Researchers from the Mayo Clinic Cancer Center have identified two non-cell type-specific gene expression biomarker profiles that offer improved survival prediction for non-small-cell lung cancer.
Gene expression profiling allows detection of a tumour's molecular signature and can lead to better sub-classification of patients.
In 2006, Mayo Clinic Cancer Center researchers reported that gene expression profiling methods were not better than existing conventional methods of assessing survival in lung cancer patients. They based that conclusion on their evaluation of literature published since this promising technology started about 10 years ago.
"While we have seen a number of exciting results from gene expression profiling in lung cancer outcome prediction, none provided value-added, unique information," says Zhifu Sun, M.D., Mayo Clinic cancer researcher and the study's lead author.
"By saying that, we mean that none of the previously identified genetic biomarkers provided more information than conventional methods, and their clinical applications were limited. Our goal was to identify a biomarker or panels of markers that would add to our current knowledge of patient management, allowing much more refined prognostic sub-classification, and eventually leading to better personalized treatment options," he added.

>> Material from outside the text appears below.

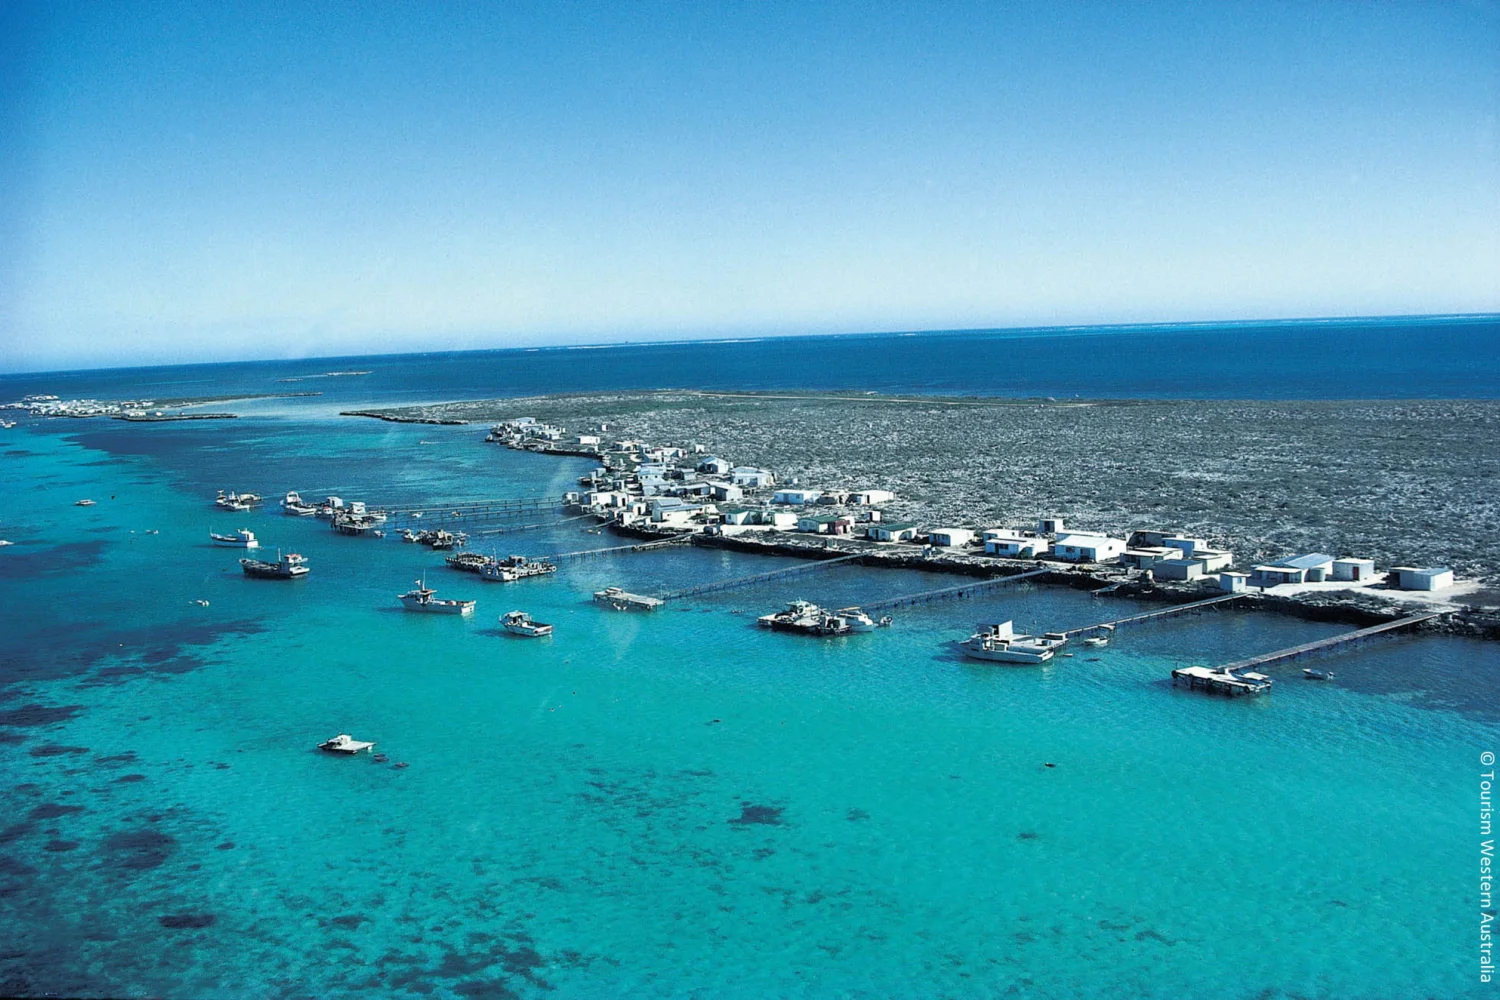 Aerial view of fishing shacks Abrolhols Islands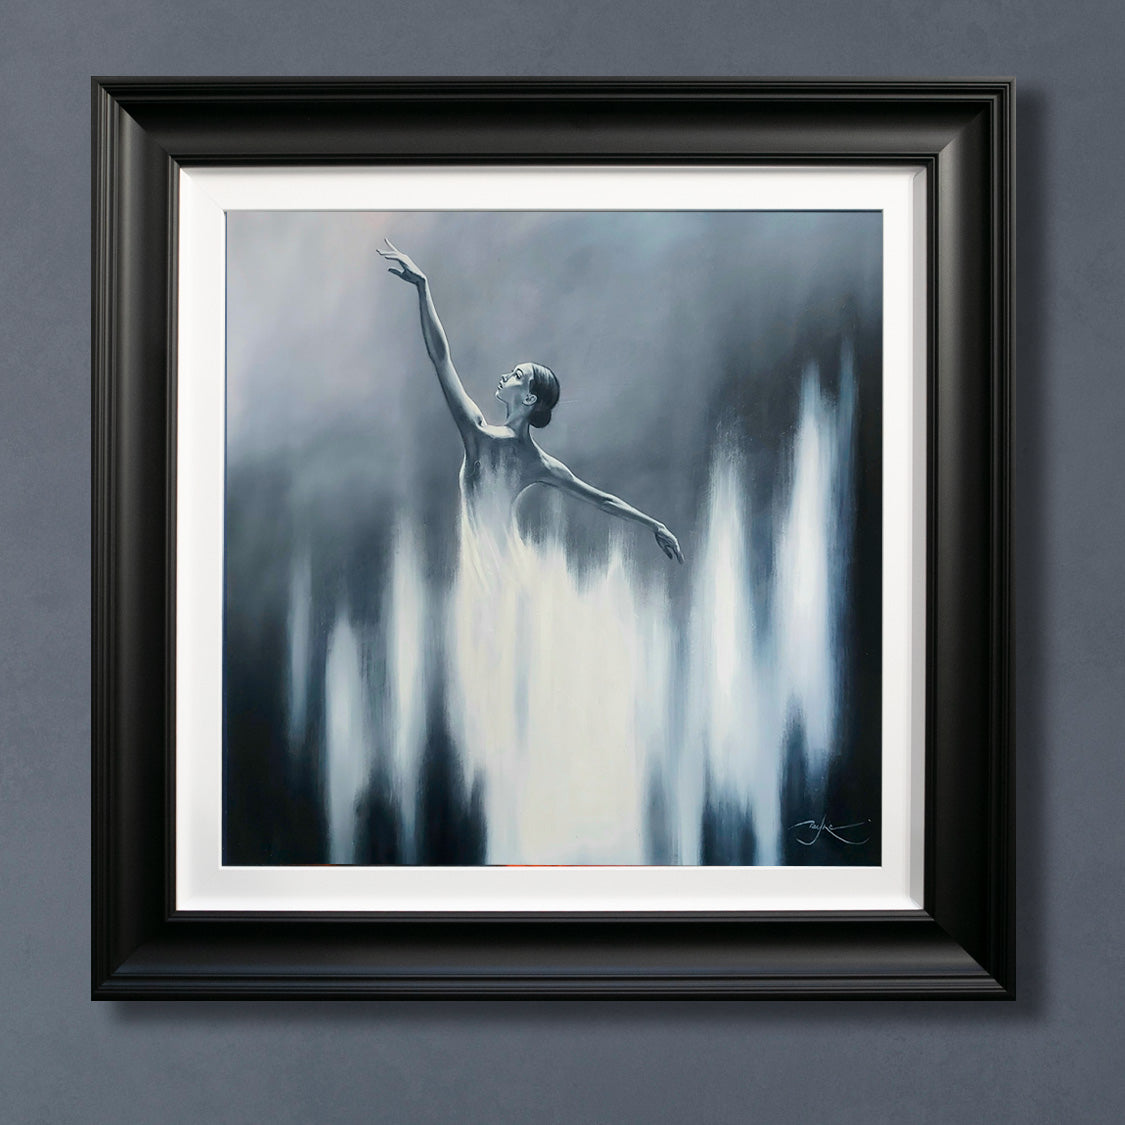 Ben Payne - 'White Dancer' - Framed Limited Edition

Before this study's findings, gene expression profiling in lung cancer provided no additional information than that gleaned from conventional methods that factor in age, gender, stage, cell type and tumour grade, performance status or treatment. The studies did not consider these factors in marker selection; therefore, molecular markers or signatures identified were often surrogates of what the research community already knew.
Dr. Sun and the Mayo research team took a different approach. They looked at adenocarcinoma and squamous cell carcinoma separately and first selected two nonoverlapping sets of survival-related gene signatures from two large microarray datasets.
This was done by adjusting for the conventional predictors. The signatures were then evaluated in two large independent datasets of non-small-cell lung cancer. Each signature was evaluated in the same cell type it was derived from, and also validated for survival prediction in other cell types.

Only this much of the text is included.